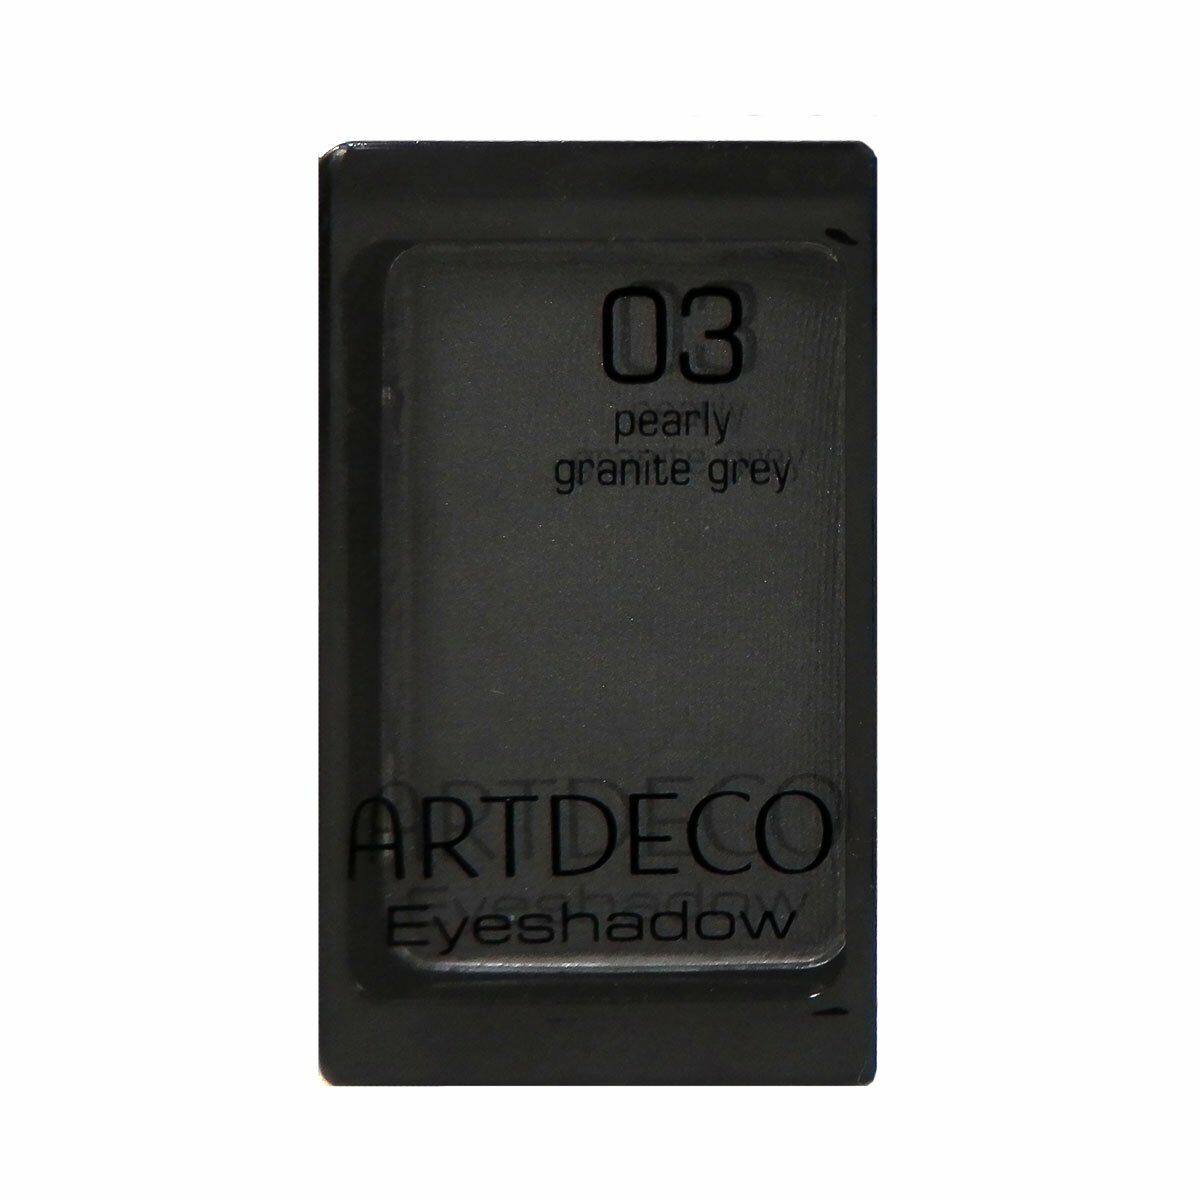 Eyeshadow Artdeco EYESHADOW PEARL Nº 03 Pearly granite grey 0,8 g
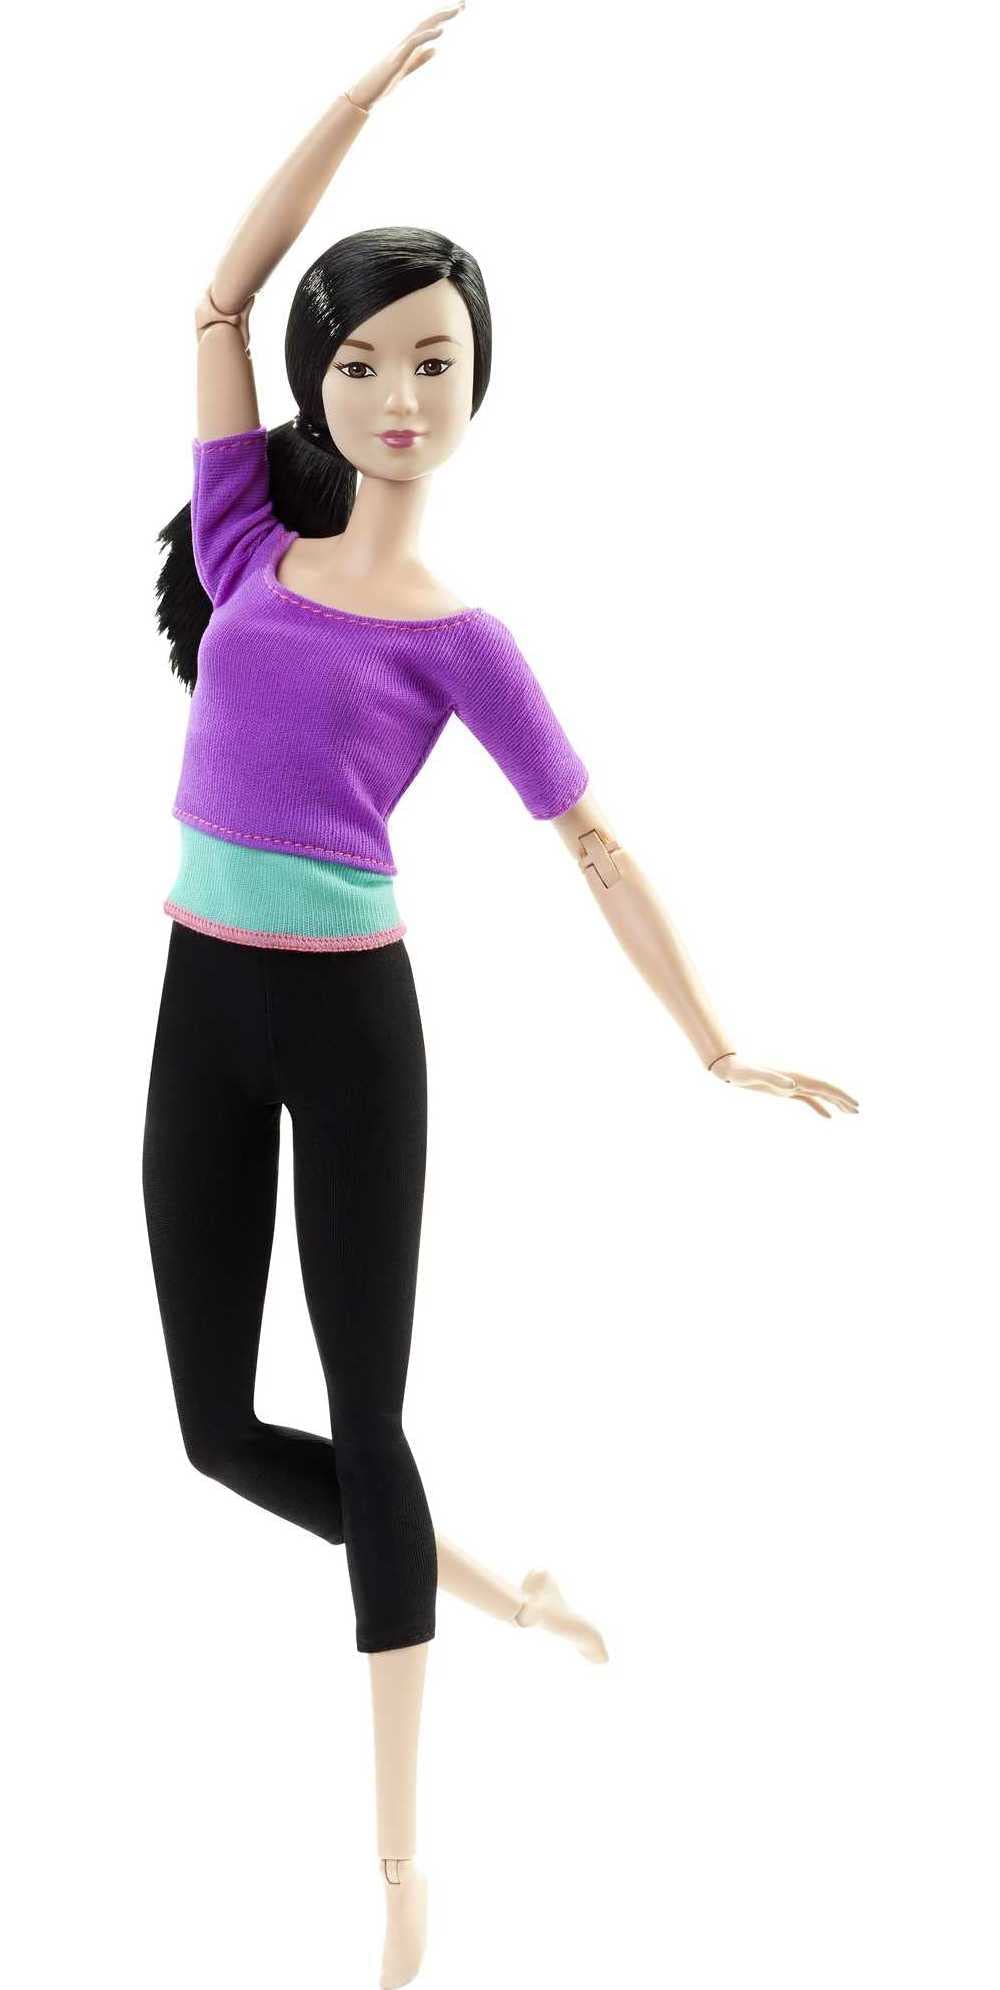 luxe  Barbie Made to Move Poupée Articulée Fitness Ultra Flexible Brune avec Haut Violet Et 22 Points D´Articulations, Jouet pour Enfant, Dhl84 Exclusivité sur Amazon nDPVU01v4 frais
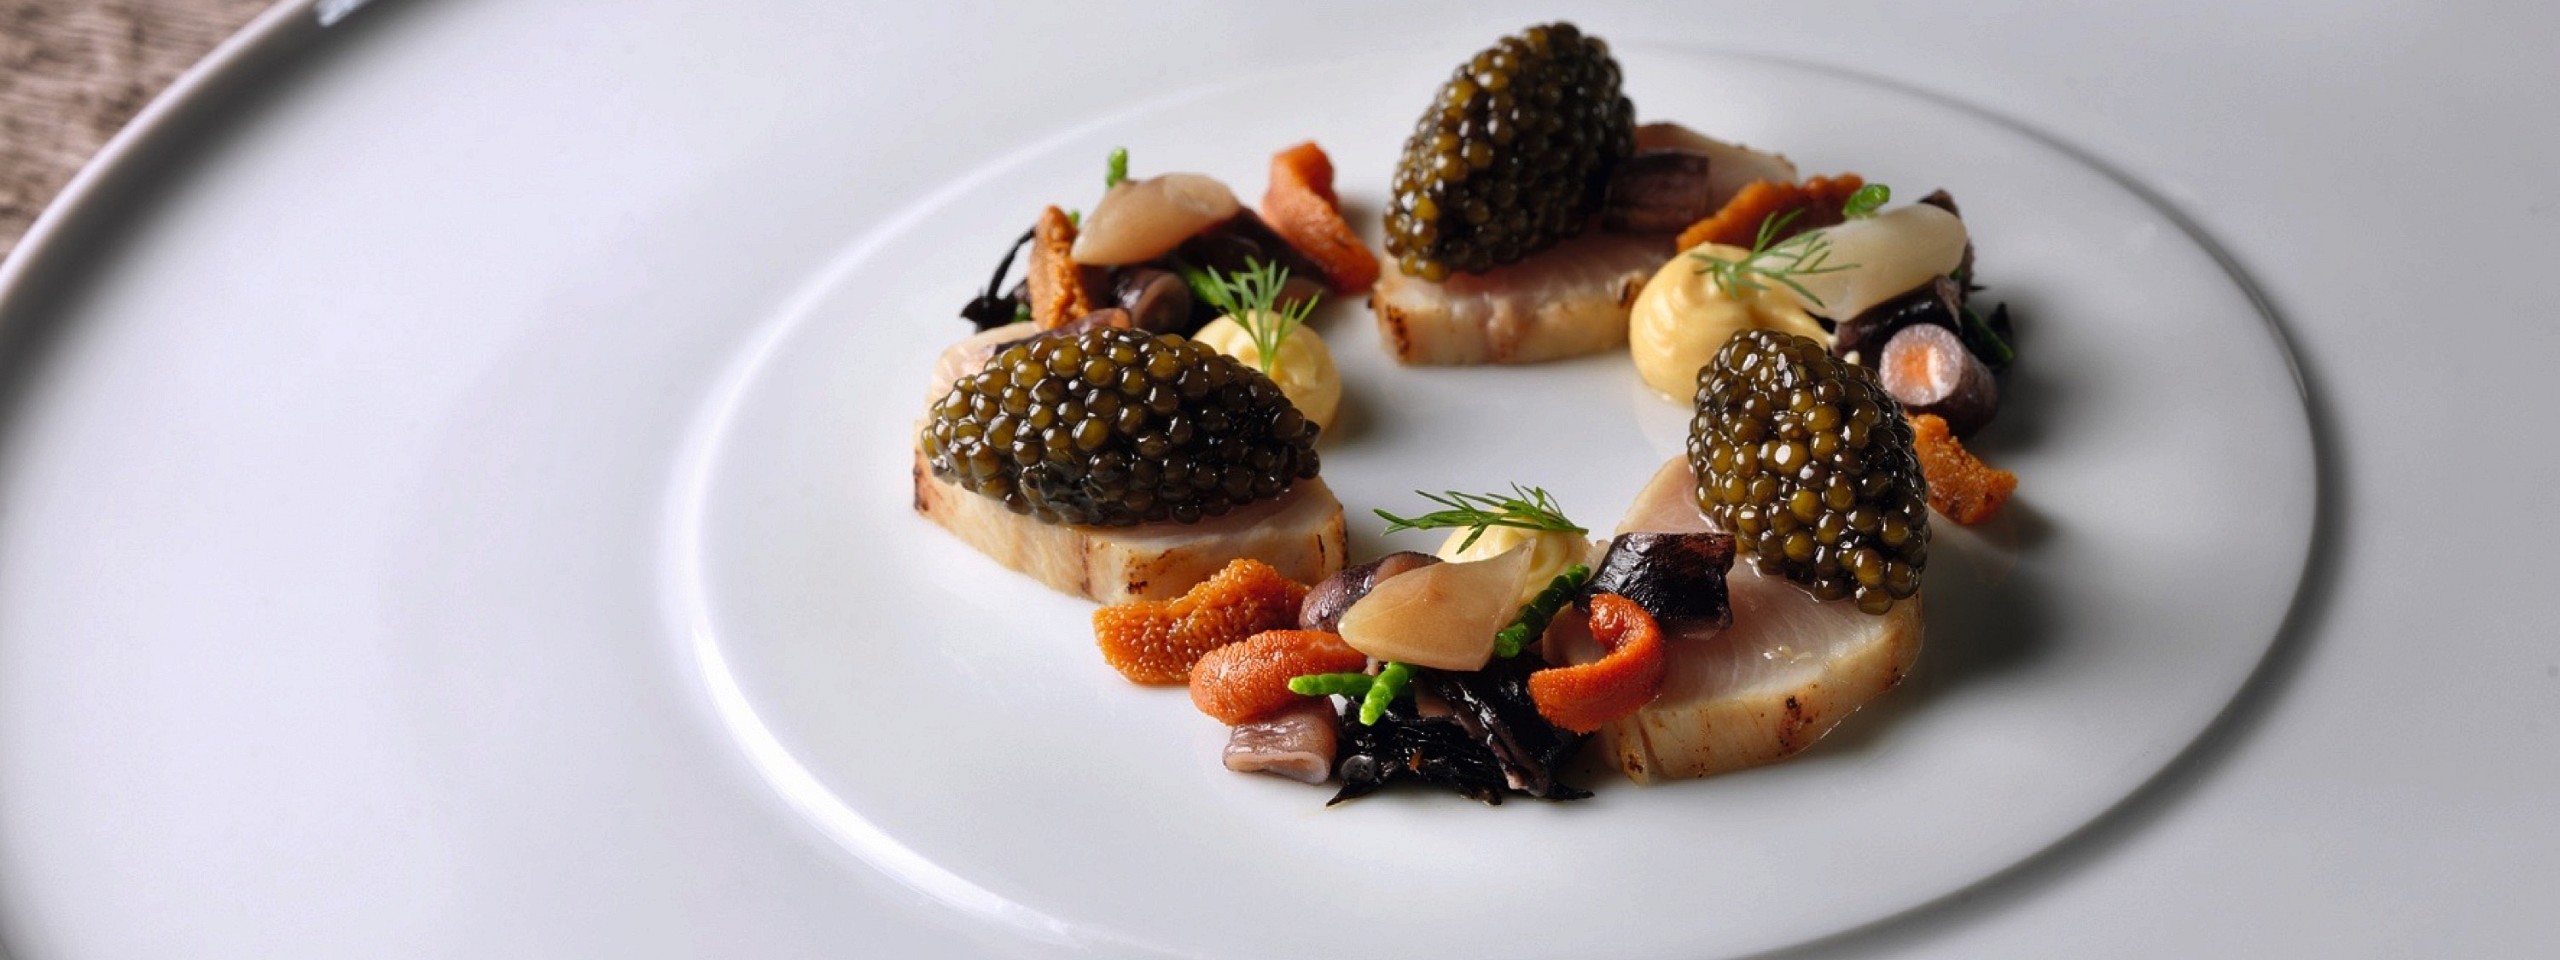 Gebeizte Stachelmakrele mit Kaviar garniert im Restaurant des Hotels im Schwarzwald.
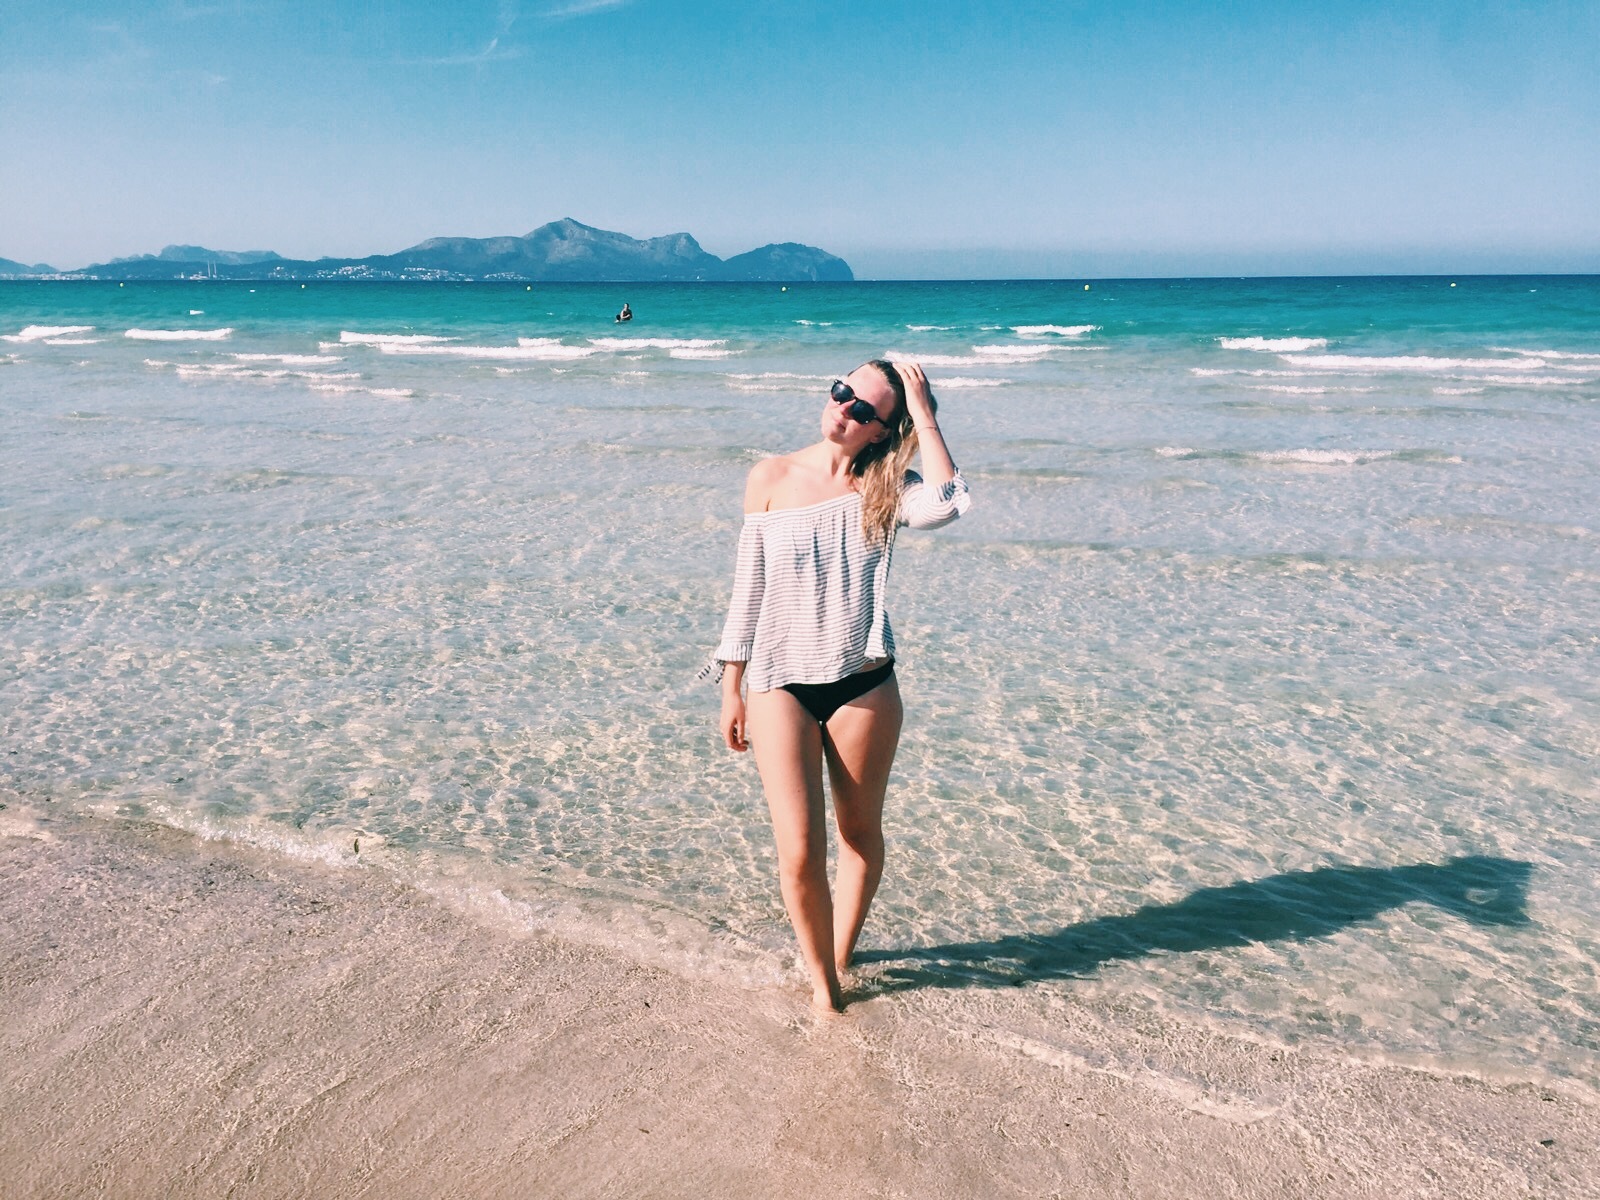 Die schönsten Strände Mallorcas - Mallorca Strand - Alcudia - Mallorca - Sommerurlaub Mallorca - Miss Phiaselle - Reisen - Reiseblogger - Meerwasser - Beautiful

————

* **Task**: Line for line, restate the data above and omit every picture.

* **Solved problem**:
 Eyeshadow Artdeco EYESHADOW PEARL Nº 03 Pearly granite grey 0,8 g
 luxe  Barbie Made to Move Poupée Articulée Fitness Ultra Flexible Brune avec Haut Violet Et 22 Points D´Articulations, Jouet pour Enfant, Dhl84 Exclusivité sur Amazon nDPVU01v4 frais
 Gebeizte Stachelmakrele mit Kaviar garniert im Restaurant des Hotels im Schwarzwald.
 Die schönsten Strände Mallorcas - Mallorca Strand - Alcudia - Mallorca - Sommerurlaub Mallorca - Miss Phiaselle - Reisen - Reiseblogger - Meerwasser - Beautiful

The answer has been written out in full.